--- Exercise directions ---
Among the lines below, copy exactly those from the one with "Tea Leaf Spice" through the one with "single family homes", counting both ends.

--- Material provided ---
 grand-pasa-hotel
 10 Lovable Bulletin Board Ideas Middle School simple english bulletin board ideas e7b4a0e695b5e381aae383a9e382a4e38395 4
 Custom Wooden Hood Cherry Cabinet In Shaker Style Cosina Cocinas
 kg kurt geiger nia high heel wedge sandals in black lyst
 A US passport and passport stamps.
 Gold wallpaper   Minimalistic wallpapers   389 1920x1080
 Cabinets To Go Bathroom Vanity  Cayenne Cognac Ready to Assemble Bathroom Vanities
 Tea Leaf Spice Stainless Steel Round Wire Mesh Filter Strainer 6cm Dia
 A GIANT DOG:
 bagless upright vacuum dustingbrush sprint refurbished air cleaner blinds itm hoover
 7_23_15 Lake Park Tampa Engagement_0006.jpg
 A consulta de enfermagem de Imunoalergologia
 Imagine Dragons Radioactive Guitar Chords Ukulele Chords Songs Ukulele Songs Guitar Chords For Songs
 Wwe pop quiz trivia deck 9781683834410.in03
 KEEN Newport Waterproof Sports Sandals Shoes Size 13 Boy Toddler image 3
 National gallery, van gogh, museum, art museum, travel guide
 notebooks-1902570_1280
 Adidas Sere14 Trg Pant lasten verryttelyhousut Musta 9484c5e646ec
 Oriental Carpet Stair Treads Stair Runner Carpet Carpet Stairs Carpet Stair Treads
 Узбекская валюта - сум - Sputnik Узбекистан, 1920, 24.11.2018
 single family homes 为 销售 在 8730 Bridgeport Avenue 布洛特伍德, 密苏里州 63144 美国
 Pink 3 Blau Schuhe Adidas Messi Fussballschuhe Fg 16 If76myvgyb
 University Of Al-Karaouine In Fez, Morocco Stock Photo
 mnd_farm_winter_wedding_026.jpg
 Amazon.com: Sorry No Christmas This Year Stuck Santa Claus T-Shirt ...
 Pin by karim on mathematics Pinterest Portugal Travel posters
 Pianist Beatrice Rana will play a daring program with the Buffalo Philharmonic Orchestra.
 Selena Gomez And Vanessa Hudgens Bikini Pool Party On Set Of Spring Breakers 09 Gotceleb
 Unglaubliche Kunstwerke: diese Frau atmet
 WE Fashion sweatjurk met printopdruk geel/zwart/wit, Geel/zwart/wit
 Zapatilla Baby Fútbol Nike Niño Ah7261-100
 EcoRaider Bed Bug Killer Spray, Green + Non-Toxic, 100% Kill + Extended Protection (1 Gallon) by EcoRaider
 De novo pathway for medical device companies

--- Your solution ---
 Tea Leaf Spice Stainless Steel Round Wire Mesh Filter Strainer 6cm Dia
 A GIANT DOG:
 bagless upright vacuum dustingbrush sprint refurbished air cleaner blinds itm hoover
 7_23_15 Lake Park Tampa Engagement_0006.jpg
 A consulta de enfermagem de Imunoalergologia
 Imagine Dragons Radioactive Guitar Chords Ukulele Chords Songs Ukulele Songs Guitar Chords For Songs
 Wwe pop quiz trivia deck 9781683834410.in03
 KEEN Newport Waterproof Sports Sandals Shoes Size 13 Boy Toddler image 3
 National gallery, van gogh, museum, art museum, travel guide
 notebooks-1902570_1280
 Adidas Sere14 Trg Pant lasten verryttelyhousut Musta 9484c5e646ec
 Oriental Carpet Stair Treads Stair Runner Carpet Carpet Stairs Carpet Stair Treads
 Узбекская валюта - сум - Sputnik Узбекистан, 1920, 24.11.2018
 single family homes 为 销售 在 8730 Bridgeport Avenue 布洛特伍德, 密苏里州 63144 美国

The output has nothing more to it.